Ukrainian organizational life in the Maritimes began in 1926 with the establishment of a Prosvita society in Sydney. In the 1930s the Ukrainian Labour-Farmer Temple Association (ULFTA) established two branches in the Sydney region. A Ukrainian-Canadian Association was established in the Halifax-Dartmouth area in 1976. In Quebec the major organizational centre was Montreal, where a Ukrainian immigrant- and self-aid society was established by 1903. It was followed soon thereafter by several Prosvita societies. In the interwar era branches of the major Ukrainian Canadian organizations, notably the ULFTA, the Ukrainian National Federation (UNF), the United Hetman Organization, and the Ukrainian Self-Reliance League, were set up there. It was common in Montreal for an organization to have separate branches in different parts of the city. Branches of the UNF were also established in Rouyn-Noranda and Val d’Or, where its main rival was a ULFTA brach. After the Second World War the new arrivals in Montreal established approximately 30 new organizations. In 1997 the Zustrich society was established as a contemporary immigrant aid and social group.

A Ukrainian Catholic parish was established in Sydney in 1912 and remains active to this day (with its parish priest occasionally serving in Halifax). A Ukrainian Orthodox church parish was also active there from the mid-1930s to the early 1950s. The Ukrainian Catholic church in Quebec is centered in Montreal, where it has 6 parishes. Several northern communities are served by a priest located in Val d’Or. As well there are chapels in the province’s rural Ukrainian recreation centers. The Quebec and Nova Scotia churches are administered by the Eparchy of Toronto and Eastern Canada. There are 3 Ukrainian Orthodox parishes in Montreal, but none in other parts of the province. They are administered by the Eastern Diocese of the Ukrainian Orthodox Church of Canada.

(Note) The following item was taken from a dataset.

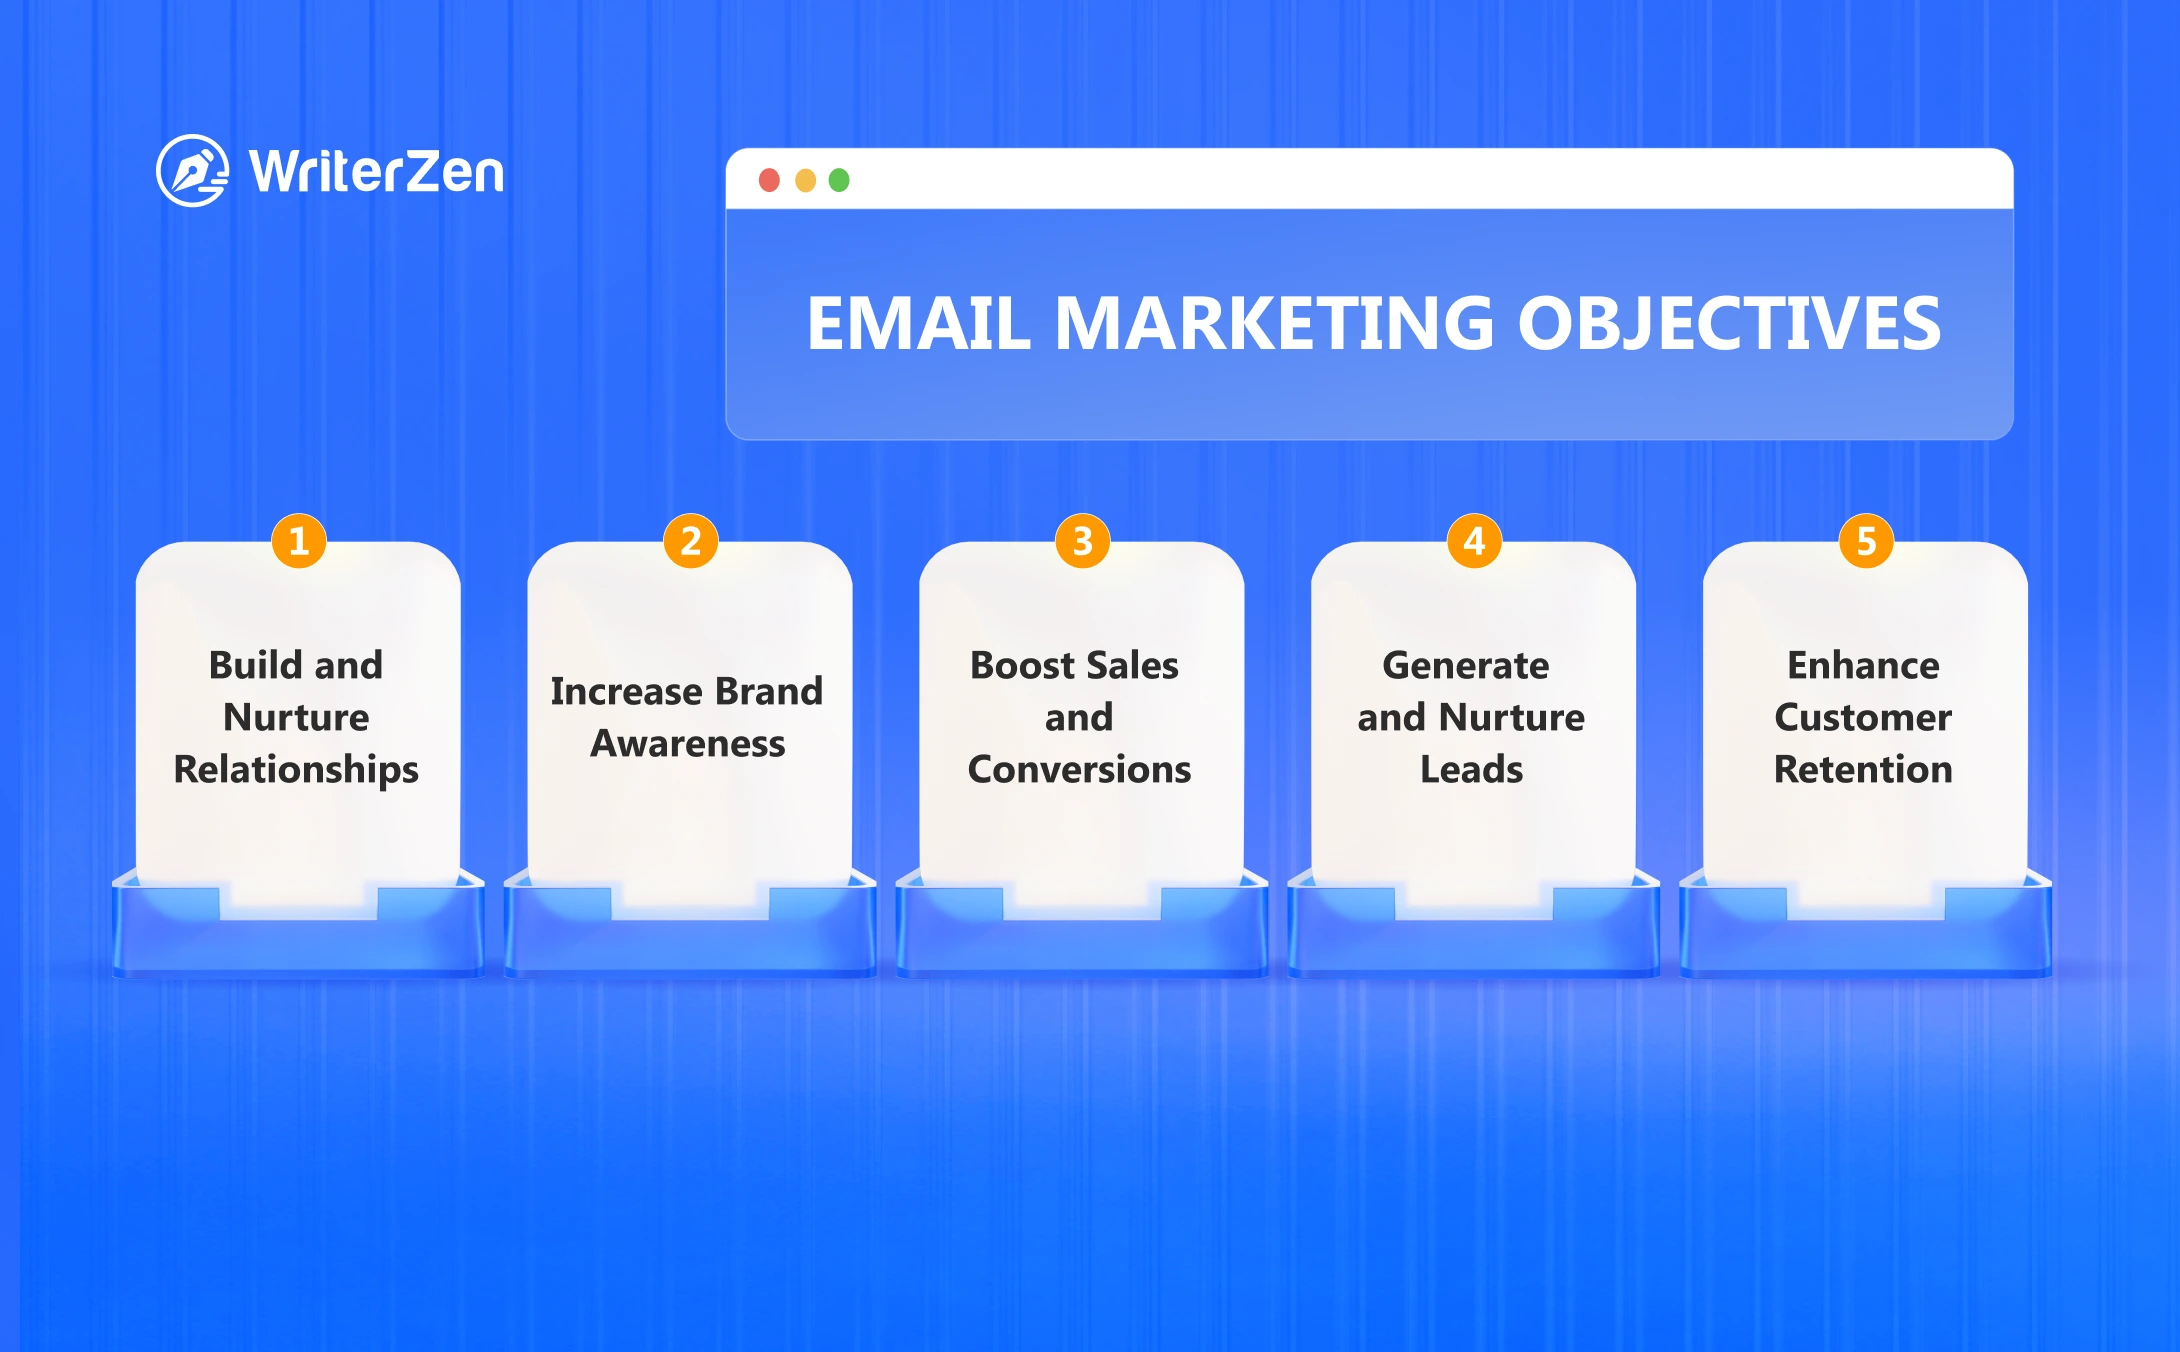 The Goals of Email Marketing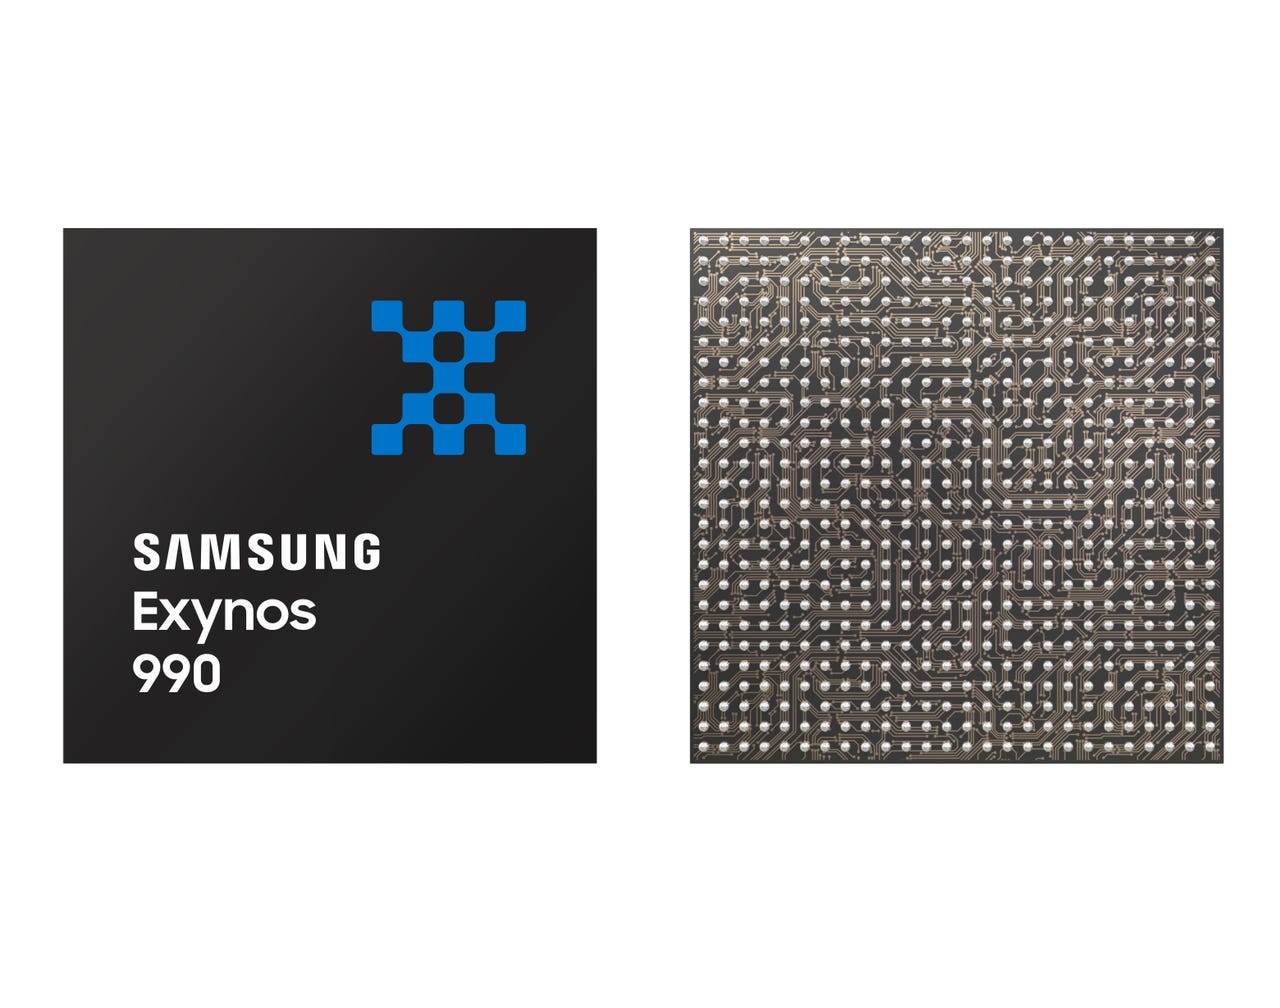 exynos-990-front-and-back.jpg

The mainstay of Ukrainian-language education in Quebec and the Atlantic provinces has been Saturday schools. From the teens until the mid-1920s there were two schools in Montreal’s Catholic system that provided instruction in French and Ukrainian. In 1965, Ukrainian was introduced as a language of study (where numbers permitted) in the province’s high schools. In 1978 the Parti Québécois government introduced legislation permitting (bilingual) instruction in languages such as Ukrainian (alongside French), but the community did not pursue this option. In general the province’s Ukrainian Catholic and Ukrainian Orthodox communities maintain a notably Anglophone orientation in respect to education. Ukrainian-language or subject courses have not been taught in Quebec or Atlantic universities with the exception of a quickly discontinued trial Ukrainian history course at Montreal’s Concordia University in 1978–79. Nevertheless, a number of notable Ukrainian academics, including Marko Antonovych, Jaroslav Rudnyckyj, Roman Serbyn, Radoslav Zhuk, and Luba Zuk have been associated with Quebec.

Quebec’s creative talents have included the artist Ruslan Logush, composers George Fiala and Bohdan Veselovsky, pianists Liubka Kolessa, Ireneus Zhuk, and Luba Zuk, filmmaker Yuri Luhovy, and pop singer Luba Kowalchuk.